• TASK TO COMPLETE
Everything from the line containing "A 14K Gold Diamond Brooch/Pendant Necklace" through the last line of the data below should be given again exactly, both end lines included and nothing more.

• THE RECORDS

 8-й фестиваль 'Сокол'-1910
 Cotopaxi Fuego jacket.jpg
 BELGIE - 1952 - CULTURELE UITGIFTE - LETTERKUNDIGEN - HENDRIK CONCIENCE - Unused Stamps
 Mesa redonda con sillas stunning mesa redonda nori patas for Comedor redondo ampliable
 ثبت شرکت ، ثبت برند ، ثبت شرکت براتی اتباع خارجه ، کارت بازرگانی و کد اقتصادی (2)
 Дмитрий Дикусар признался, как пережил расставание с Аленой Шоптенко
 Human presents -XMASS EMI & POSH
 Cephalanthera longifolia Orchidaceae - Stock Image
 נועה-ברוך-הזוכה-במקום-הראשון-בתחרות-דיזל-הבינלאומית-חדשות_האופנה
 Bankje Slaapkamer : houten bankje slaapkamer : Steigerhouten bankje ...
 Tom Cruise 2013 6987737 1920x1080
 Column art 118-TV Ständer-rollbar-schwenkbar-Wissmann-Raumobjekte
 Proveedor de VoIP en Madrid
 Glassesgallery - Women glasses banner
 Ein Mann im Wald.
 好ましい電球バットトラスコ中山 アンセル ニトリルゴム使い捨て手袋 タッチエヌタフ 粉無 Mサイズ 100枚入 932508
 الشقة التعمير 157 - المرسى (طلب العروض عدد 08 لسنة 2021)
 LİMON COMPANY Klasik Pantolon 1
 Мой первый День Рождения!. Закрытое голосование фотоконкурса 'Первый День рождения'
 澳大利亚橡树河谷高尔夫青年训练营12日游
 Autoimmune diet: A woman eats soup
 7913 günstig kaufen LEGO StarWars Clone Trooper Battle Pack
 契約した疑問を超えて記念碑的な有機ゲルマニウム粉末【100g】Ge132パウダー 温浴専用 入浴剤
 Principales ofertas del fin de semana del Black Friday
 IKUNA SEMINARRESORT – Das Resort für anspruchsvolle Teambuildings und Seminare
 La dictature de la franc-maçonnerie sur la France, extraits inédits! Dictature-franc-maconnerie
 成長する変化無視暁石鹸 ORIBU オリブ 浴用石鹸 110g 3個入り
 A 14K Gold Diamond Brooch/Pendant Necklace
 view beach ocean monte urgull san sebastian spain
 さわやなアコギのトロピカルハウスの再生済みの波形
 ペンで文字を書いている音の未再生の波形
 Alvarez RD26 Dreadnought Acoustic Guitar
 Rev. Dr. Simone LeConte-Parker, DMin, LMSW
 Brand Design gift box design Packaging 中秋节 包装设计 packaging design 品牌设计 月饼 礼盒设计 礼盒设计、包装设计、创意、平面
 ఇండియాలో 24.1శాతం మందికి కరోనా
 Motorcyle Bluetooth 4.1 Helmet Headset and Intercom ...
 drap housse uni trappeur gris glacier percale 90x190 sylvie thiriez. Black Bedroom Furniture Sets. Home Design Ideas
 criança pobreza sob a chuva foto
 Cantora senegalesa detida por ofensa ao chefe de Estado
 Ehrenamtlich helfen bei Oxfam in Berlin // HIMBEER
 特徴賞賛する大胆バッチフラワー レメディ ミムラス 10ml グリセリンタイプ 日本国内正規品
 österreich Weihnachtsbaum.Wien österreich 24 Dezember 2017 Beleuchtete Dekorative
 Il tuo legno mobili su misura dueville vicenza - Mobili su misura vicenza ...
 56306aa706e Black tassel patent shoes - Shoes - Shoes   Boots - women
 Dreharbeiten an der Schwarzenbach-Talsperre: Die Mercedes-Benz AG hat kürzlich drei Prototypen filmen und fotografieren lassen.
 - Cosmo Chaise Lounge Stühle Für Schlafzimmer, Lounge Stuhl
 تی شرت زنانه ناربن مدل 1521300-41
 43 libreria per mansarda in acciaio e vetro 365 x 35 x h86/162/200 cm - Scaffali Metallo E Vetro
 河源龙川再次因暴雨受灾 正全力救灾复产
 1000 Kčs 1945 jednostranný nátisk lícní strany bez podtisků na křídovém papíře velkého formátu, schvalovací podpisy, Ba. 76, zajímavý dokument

• TASK OUTPUT
 A 14K Gold Diamond Brooch/Pendant Necklace
 view beach ocean monte urgull san sebastian spain
 さわやなアコギのトロピカルハウスの再生済みの波形
 ペンで文字を書いている音の未再生の波形
 Alvarez RD26 Dreadnought Acoustic Guitar
 Rev. Dr. Simone LeConte-Parker, DMin, LMSW
 Brand Design gift box design Packaging 中秋节 包装设计 packaging design 品牌设计 月饼 礼盒设计 礼盒设计、包装设计、创意、平面
 ఇండియాలో 24.1శాతం మందికి కరోనా
 Motorcyle Bluetooth 4.1 Helmet Headset and Intercom ...
 drap housse uni trappeur gris glacier percale 90x190 sylvie thiriez. Black Bedroom Furniture Sets. Home Design Ideas
 criança pobreza sob a chuva foto
 Cantora senegalesa detida por ofensa ao chefe de Estado
 Ehrenamtlich helfen bei Oxfam in Berlin // HIMBEER
 特徴賞賛する大胆バッチフラワー レメディ ミムラス 10ml グリセリンタイプ 日本国内正規品
 österreich Weihnachtsbaum.Wien österreich 24 Dezember 2017 Beleuchtete Dekorative
 Il tuo legno mobili su misura dueville vicenza - Mobili su misura vicenza ...
 56306aa706e Black tassel patent shoes - Shoes - Shoes   Boots - women
 Dreharbeiten an der Schwarzenbach-Talsperre: Die Mercedes-Benz AG hat kürzlich drei Prototypen filmen und fotografieren lassen.
 - Cosmo Chaise Lounge Stühle Für Schlafzimmer, Lounge Stuhl
 تی شرت زنانه ناربن مدل 1521300-41
 43 libreria per mansarda in acciaio e vetro 365 x 35 x h86/162/200 cm - Scaffali Metallo E Vetro
 河源龙川再次因暴雨受灾 正全力救灾复产
 1000 Kčs 1945 jednostranný nátisk lícní strany bez podtisků na křídovém papíře velkého formátu, schvalovací podpisy, Ba. 76, zajímavý dokument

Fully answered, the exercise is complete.